= Alphonse Chapanis =

American industrial designer (1917–2002)

Alphonse Chapanis (March 17, 1917 – October 4, 2002) was an American pioneer in the field of industrial design, and is widely considered one of the fathers of ergonomics or human factors – the science of ensuring that design takes account of human characteristics.

==Biography==

Chapanis received a PhD in Psychology from Yale University in 1943.

He was notably active in improving aviation safety around the time of World War II, although his career covered a wide range of domains and applications.

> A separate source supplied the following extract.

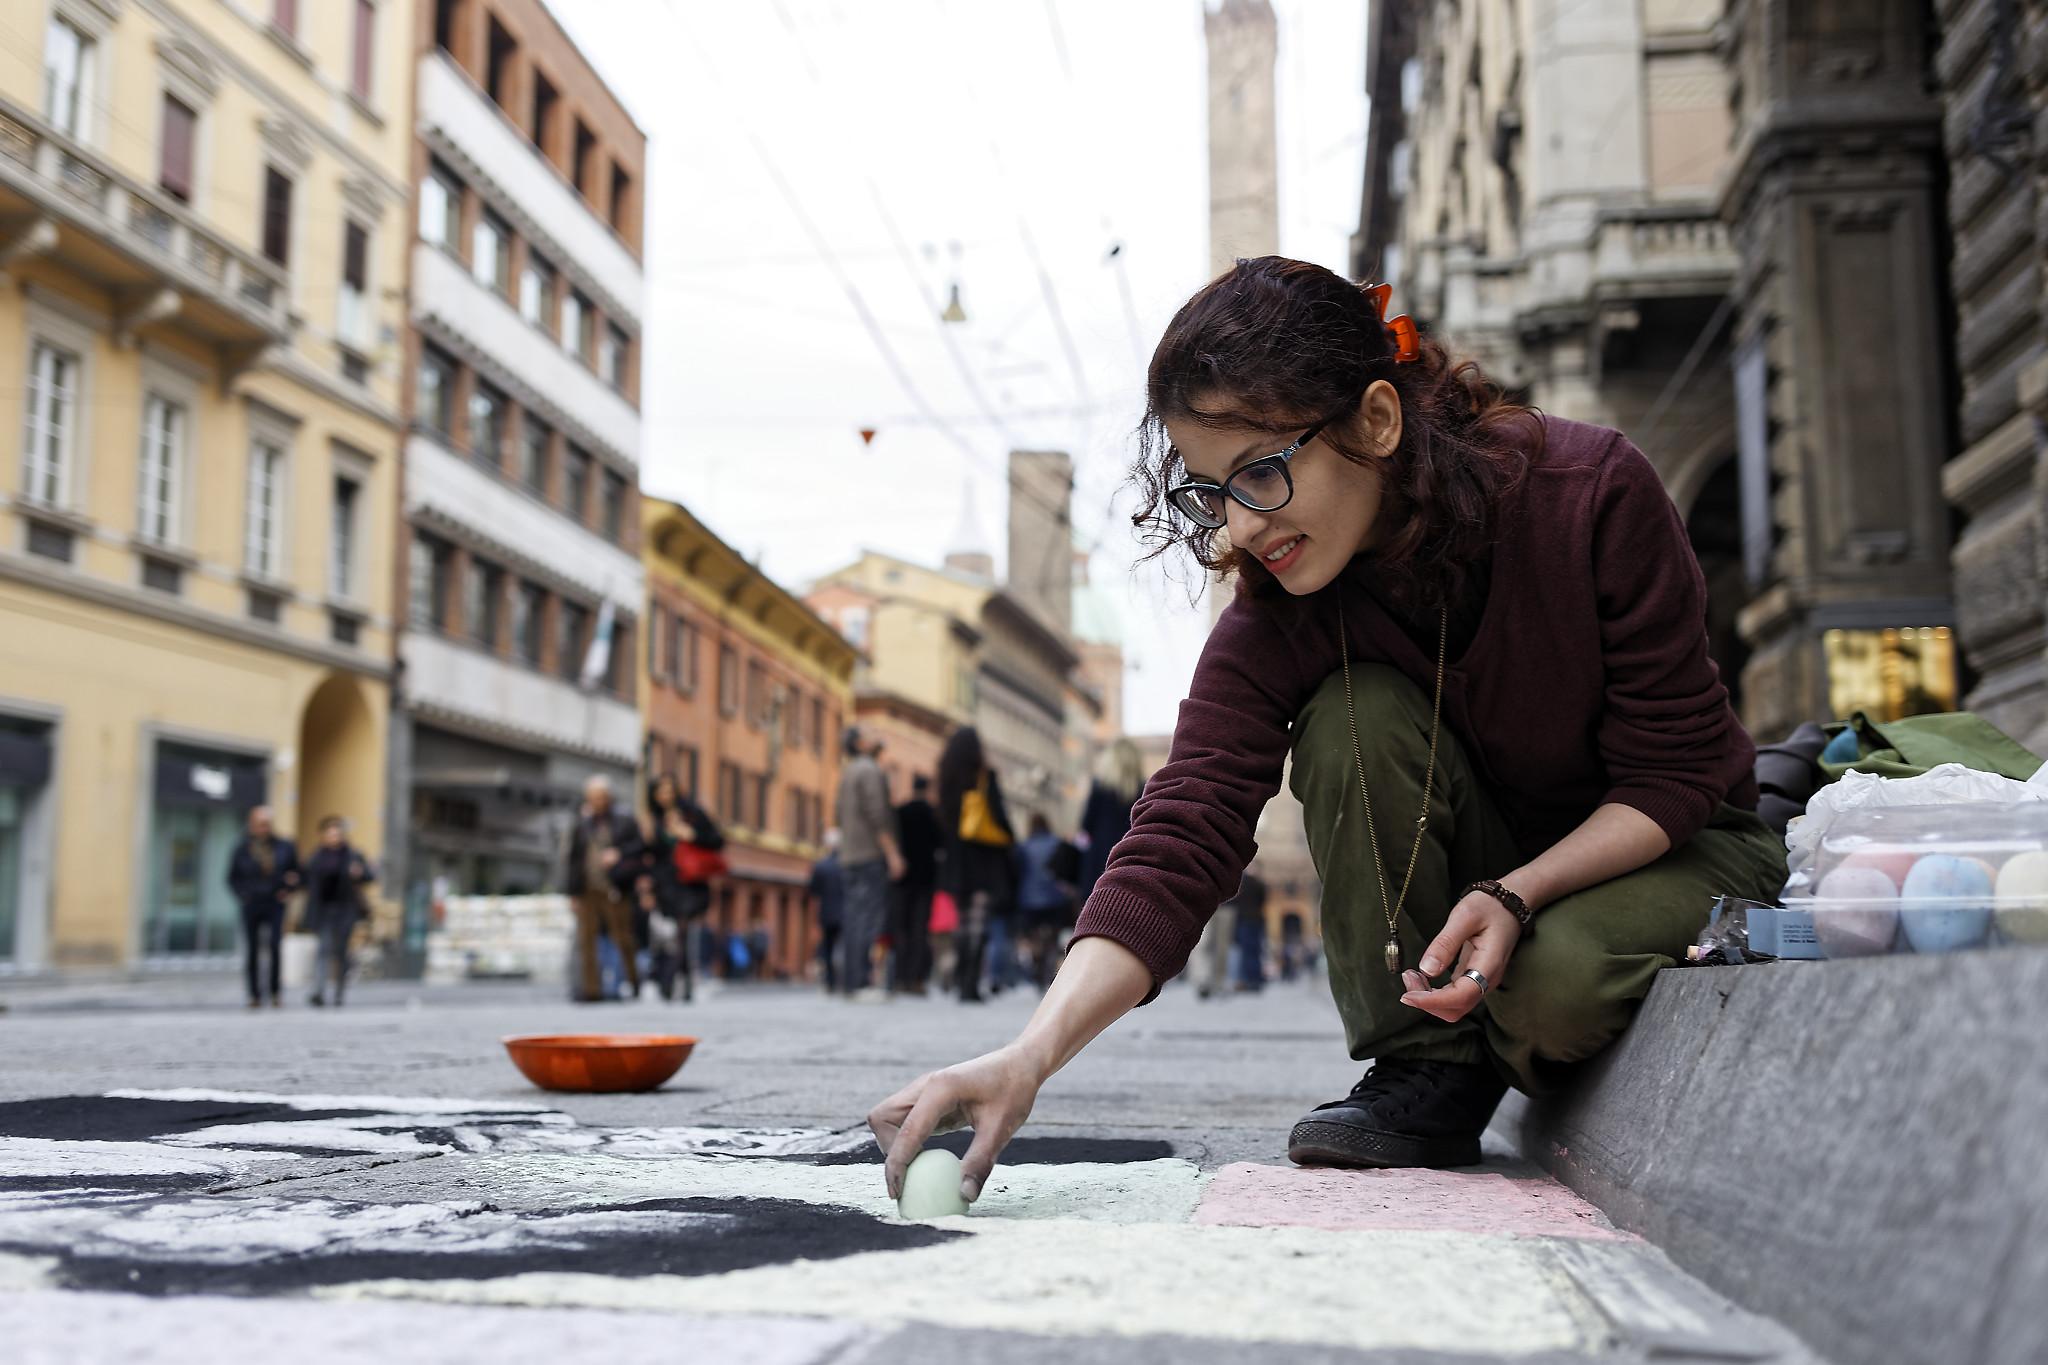 Dipinge Stalio e Ollio, Feshteh Fatemi. (Ph. Roberto Cerè. 2016)

One of his major contributions was shape coding in the aircraft cockpit. After a series of runway crashes of the Boeing B-17 Flying Fortress, Chapanis found that certain cockpit controls were confused with each other, due partly to their proximity and similarity of shape. Particularly, the controls for flaps and landing gear were confused, the consequences of which could be severe. Chapanis proposed attaching a wheel to the end of the landing gear control and a triangle to the end of the flaps control, to enable them to be easily distinguished by touch alone. Thereafter for that aircraft there were no further instances of the landing gear being mistakenly raised while the aircraft was still on the ground. This particular shape-coding of the landing gear lever is still regulated for use in civil aircraft.

In 1949 he published the first textbook on the subject of ergonomics, Applied Experimental Psychology: Human Factors in Engineering Design.

In the 1950s, Chapanis worked with Bell Labs on the design of push-button telephone handsets, conducting experiments that led to the present layout of the keys.